● **Data segment**:
########

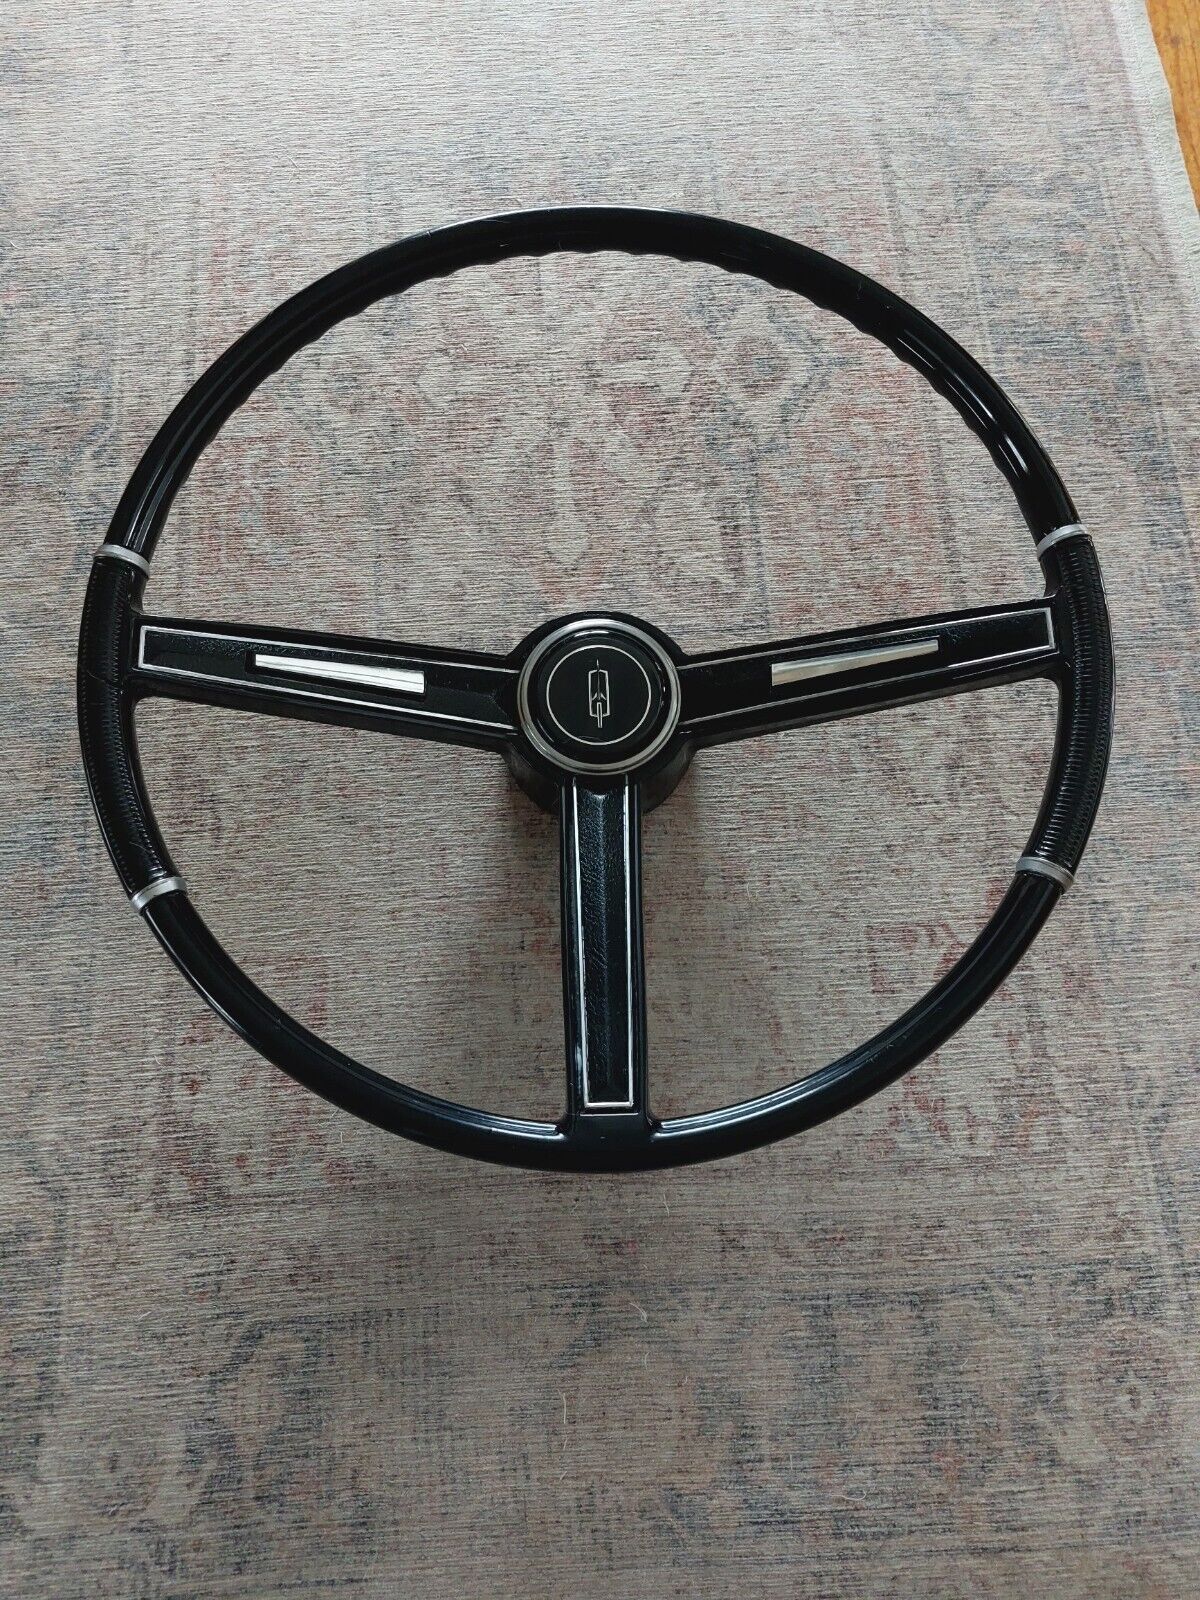 1967 Cutlass 442 Black Deluxe N30 Steering Wheel Oldsmobile Nice Original  GM
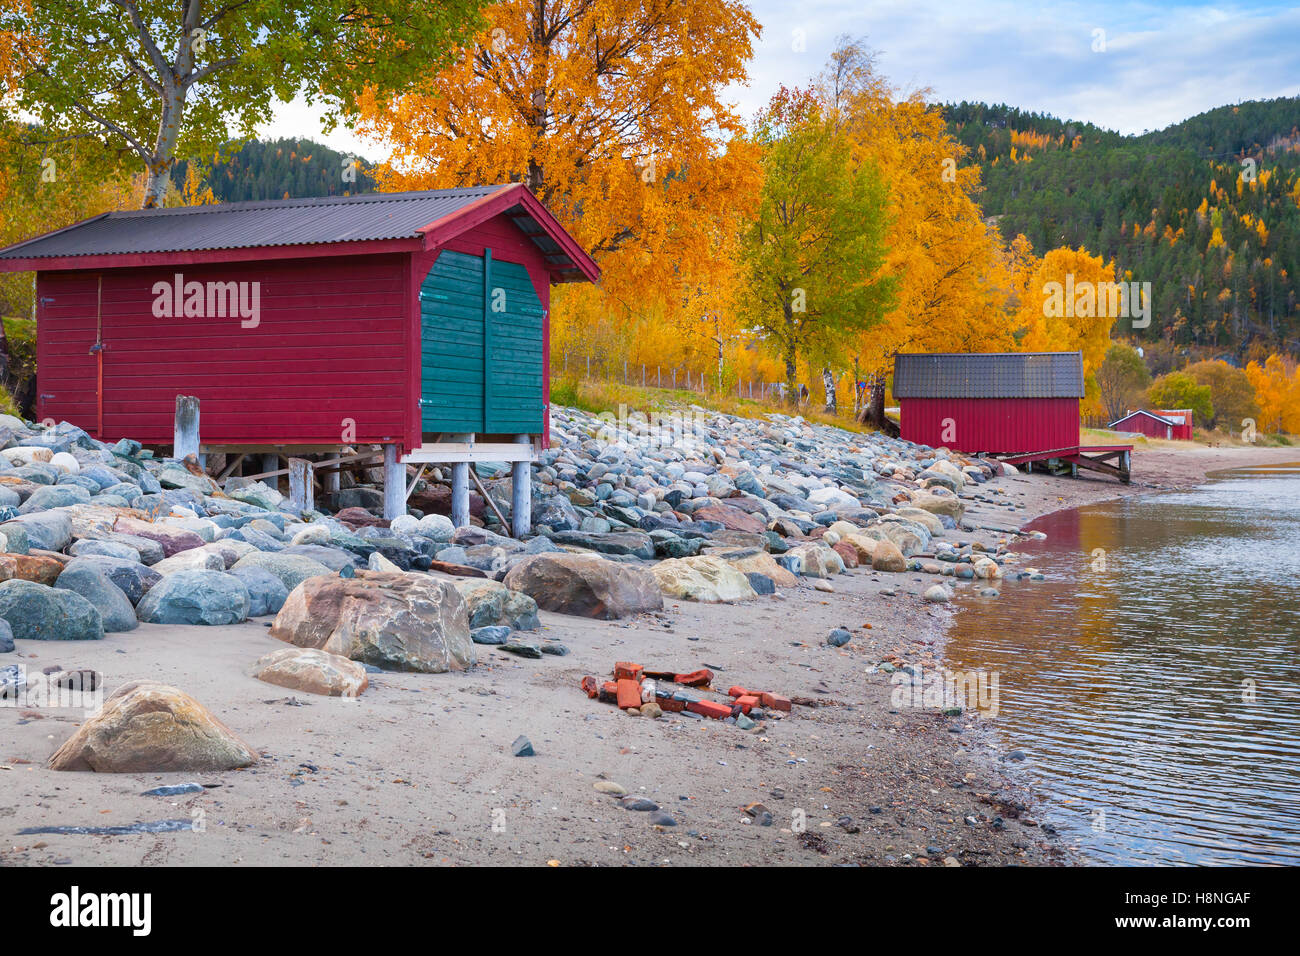 La côte de la mer de Norvège, paysage d'automne avec red granges de stockage pour les bateaux de pêche. Région de Trondheim Banque D'Images
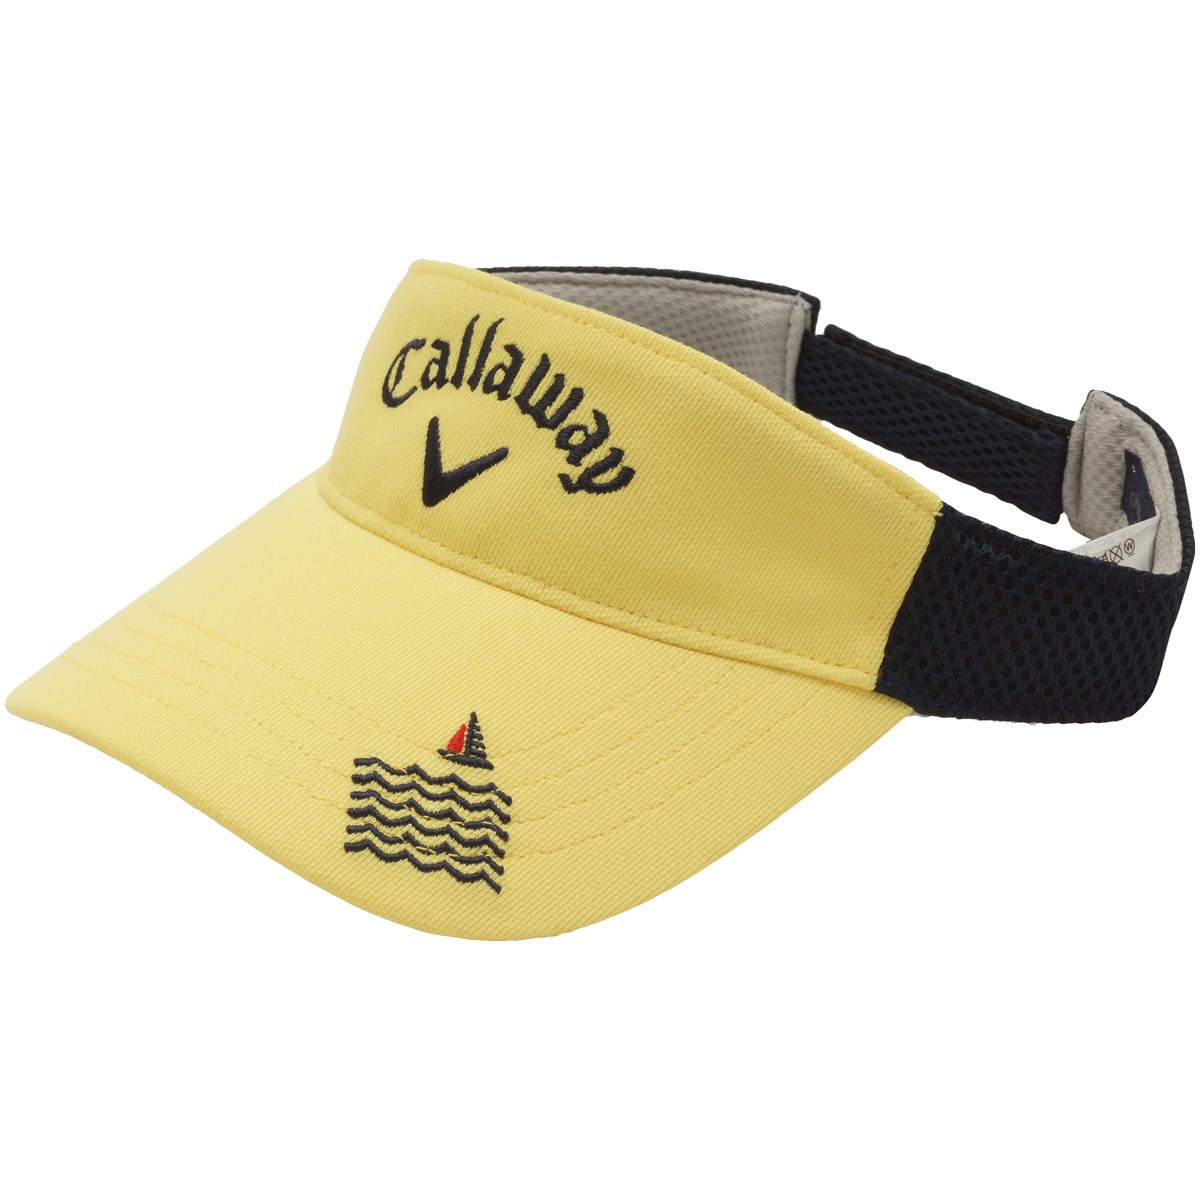 キャロウェイゴルフ(Callaway Golf) サンバイザー 

########

The required answer is an exact copy of the lines from the one containing "La côte de la" through the last line of the material, with the pictures removed.

 La côte de la mer de Norvège, paysage d'automne avec red granges de stockage pour les bateaux de pêche. Région de Trondheim Banque D'Images
 キャロウェイゴルフ(Callaway Golf) サンバイザー 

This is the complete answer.